Human umbilical cord-derived MSCs were characterized by flow cytometry. FSTL1^low MSCs were achieved by FSTL1 siRNA. Migration capacity was evaluated by wound-healing and transwell assay. A murine liver fibrotic model was created by carbon tetrachloride (CCl₄) injection, while control MSCs or FSTL1^low MSC were transplanted via intravenous injection 12 weeks post CCl₄ injection. Histopathology, liver function, fibrosis degree, and inflammation were analysed thereafter. Inflammatory cell infiltration was evaluated by flow cytometry after hepatic nonparenchymal cell isolation. An MSC-macrophage co-culture system was constructed to further confirm the role of FSTL1 in the immunosuppressive capacity of MSCs. RNA sequencing was used to screen target genes of FSTL1.

Results

FSTL1^low MSCs had comparable gene expression for surface markers to wildtype but limited differentiation and migration capacity. FSTL1^low MSCs failed to alleviate CCl₄-induced hepatic fibrosis in a mouse model. Our data indicated that FSTL1 is essential for the immunosuppressive action of MSCs on inflammatory macrophages during liver fibrotic therapy. FSTL1 silencing attenuated this capacity by inhibiting the downstream JAK/STAT1/IDO pathway.

Conclusions

Our data suggest that FSTL1 facilitates the immunosuppression of MSCs on macrophages and that guarantee the anti-fibrotic effect of MSCs in liver fibrosis.

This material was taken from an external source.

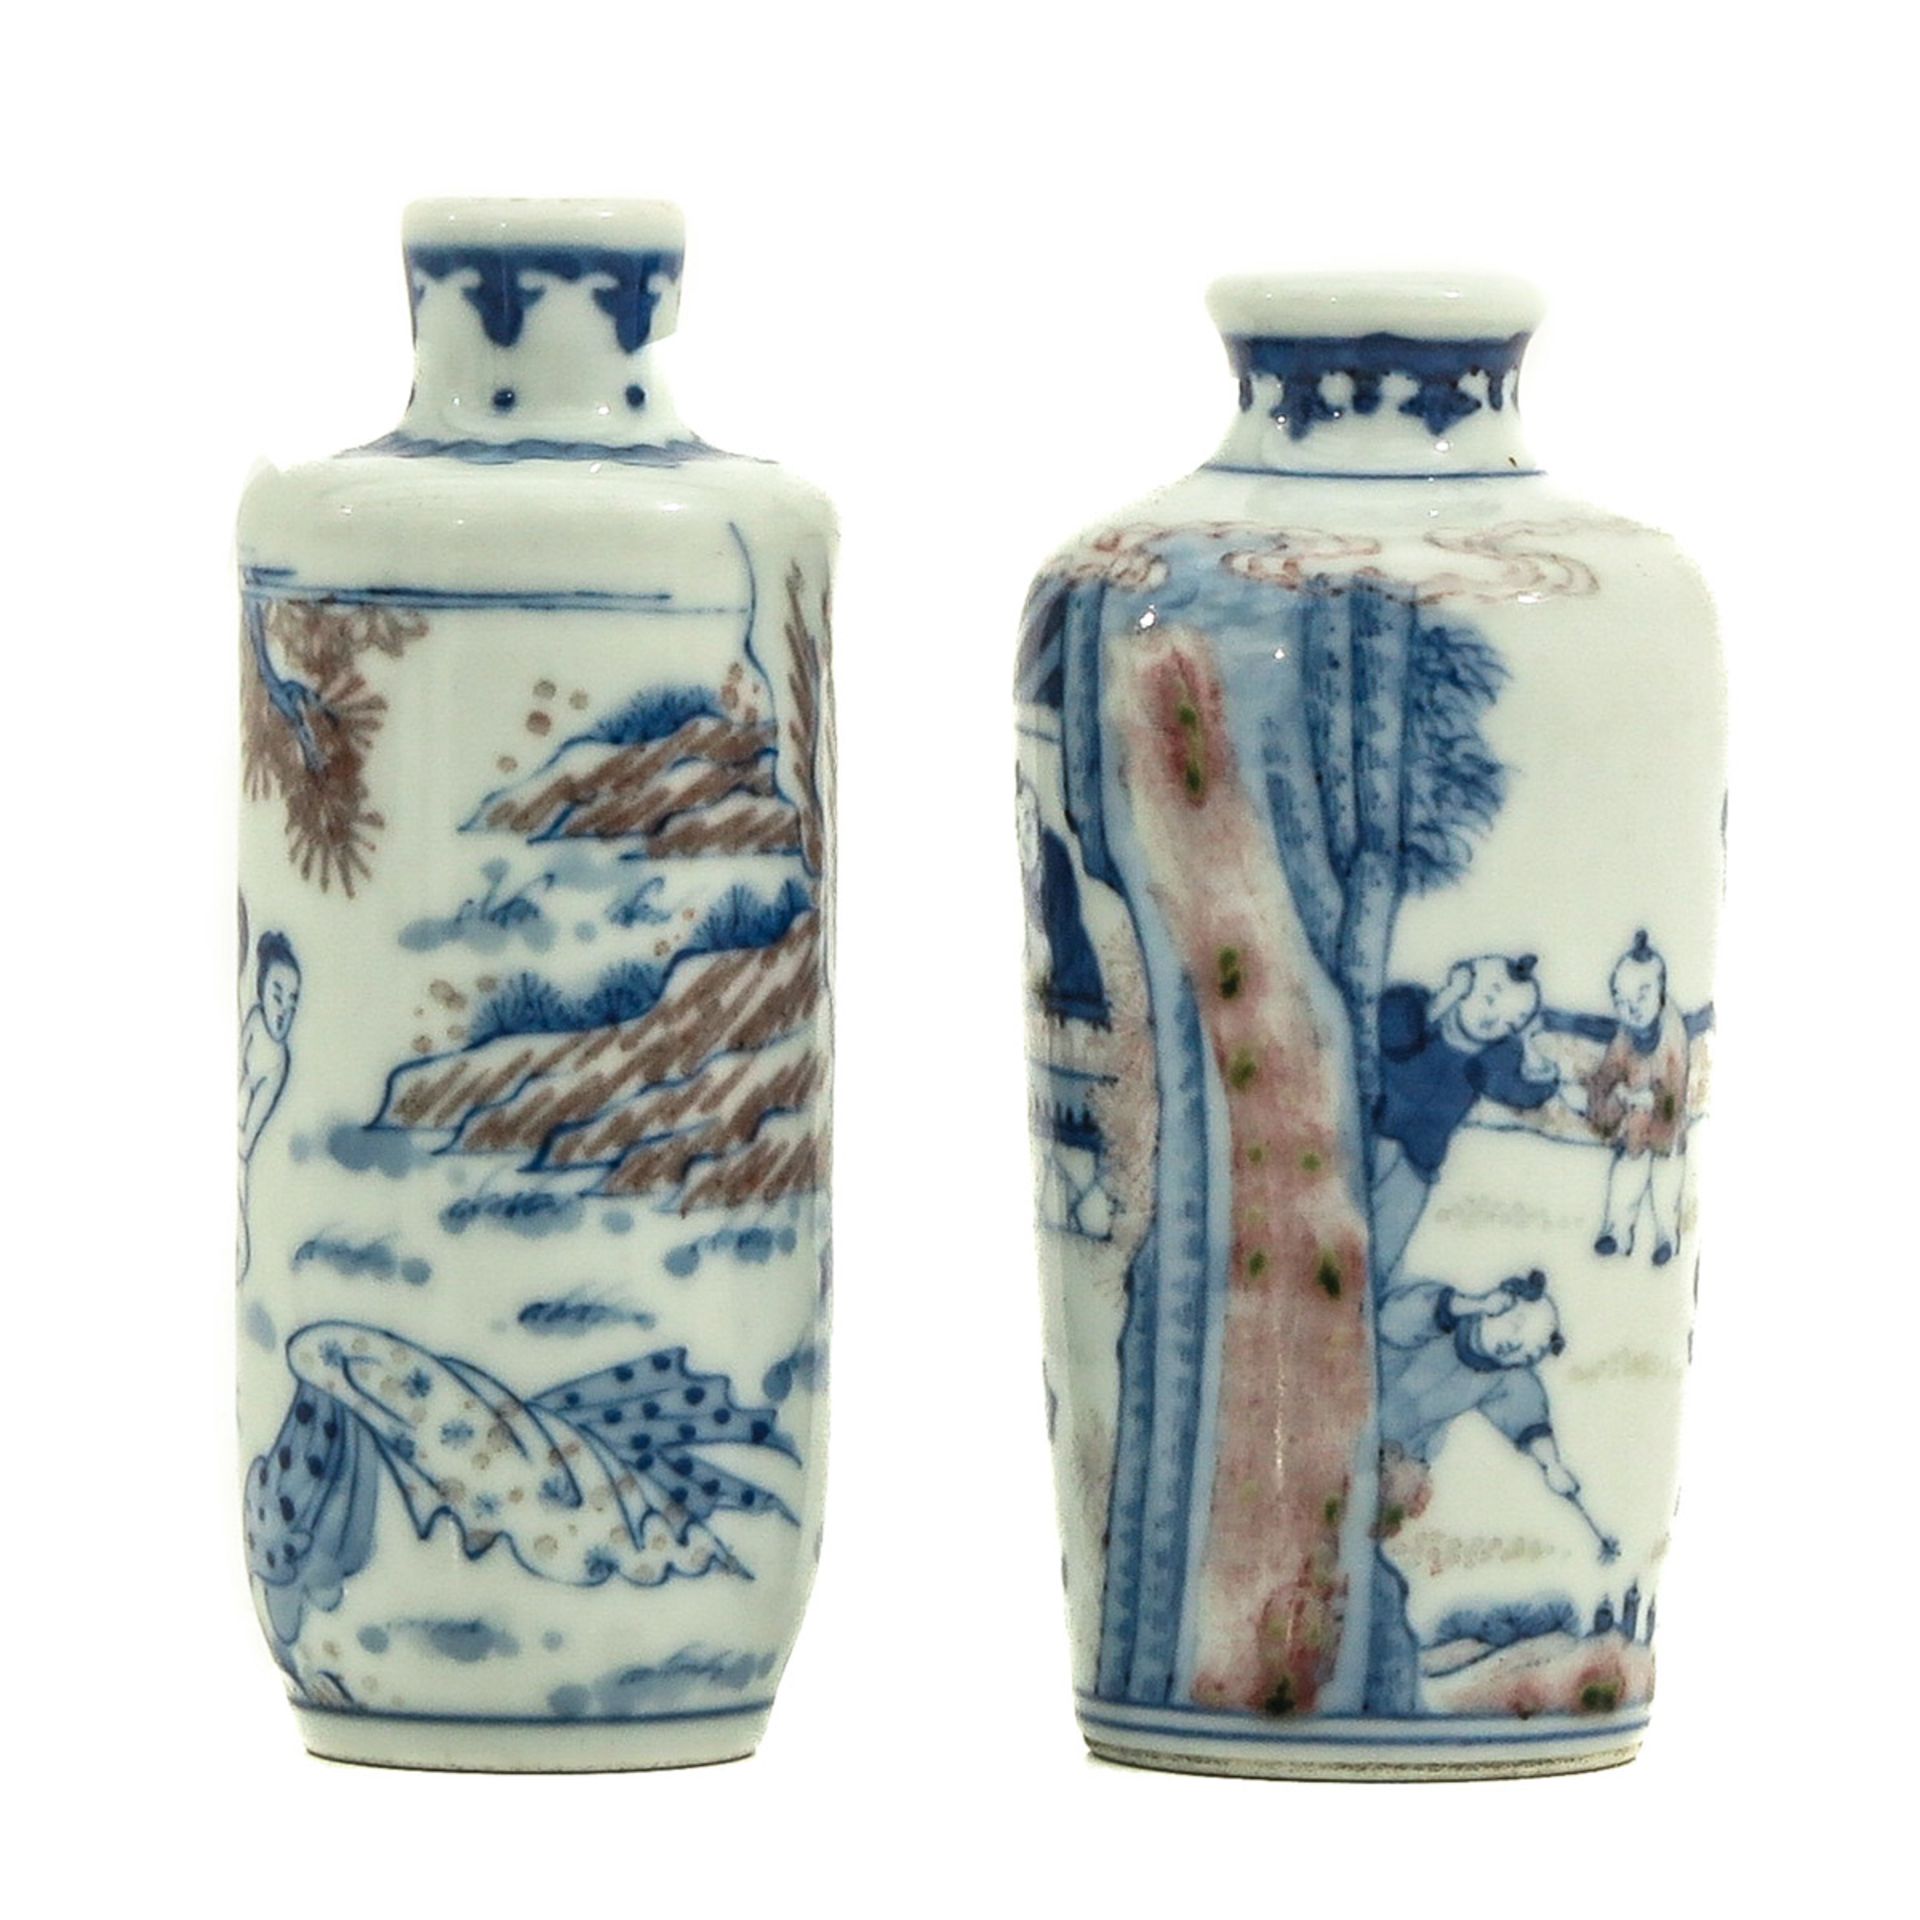 A Lot of 2 Snuff Bottles - Image 2 of 9
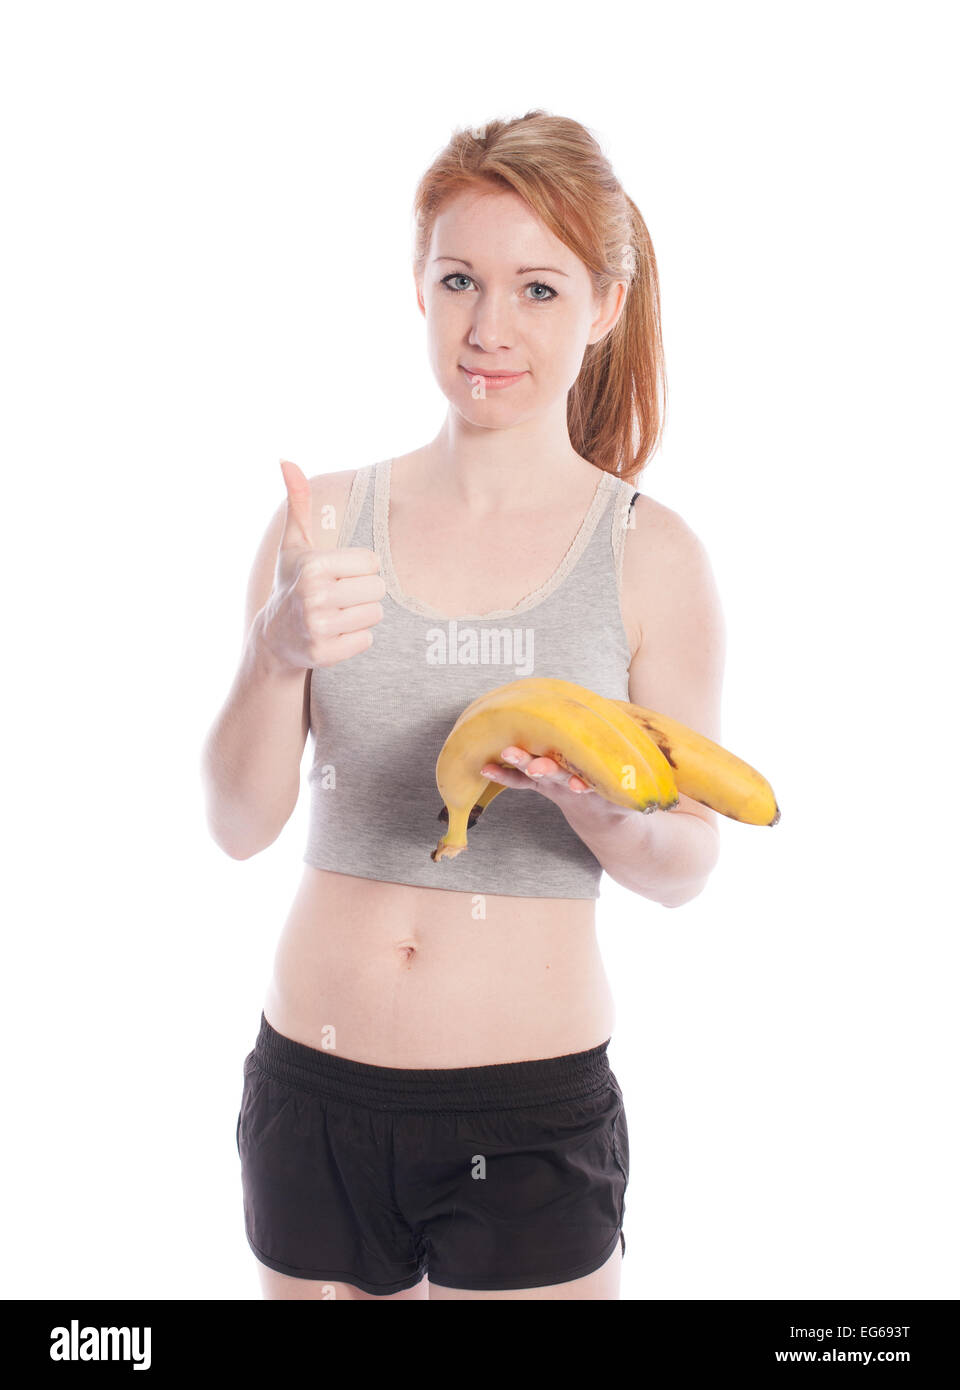 Athletic girl with bananas in hand on white background. Stock Photo

Liver diseases are a global health issue that are associated with high mortality and morbidity worldwide [1, 2]. Liver fibrosis, which occurs as a general response to chronic liver injury, may progress to cirrhosis when not well controlled [3, 4]. Although liver transplantation is the most effective treatment for patients with end-stage cirrhosis, the high costs and shortage of donors limit the clinical application [5]. Recently, following the publication of studies showing the significant efficacy in animal models and preliminary clinical trials, mesenchymal stem cell (MSC) therapy has been shown to be a promising option for liver fibrosis. However, factors regulating the efficacy of MSC therapy for liver fibrosis are not completely understood [6, 7].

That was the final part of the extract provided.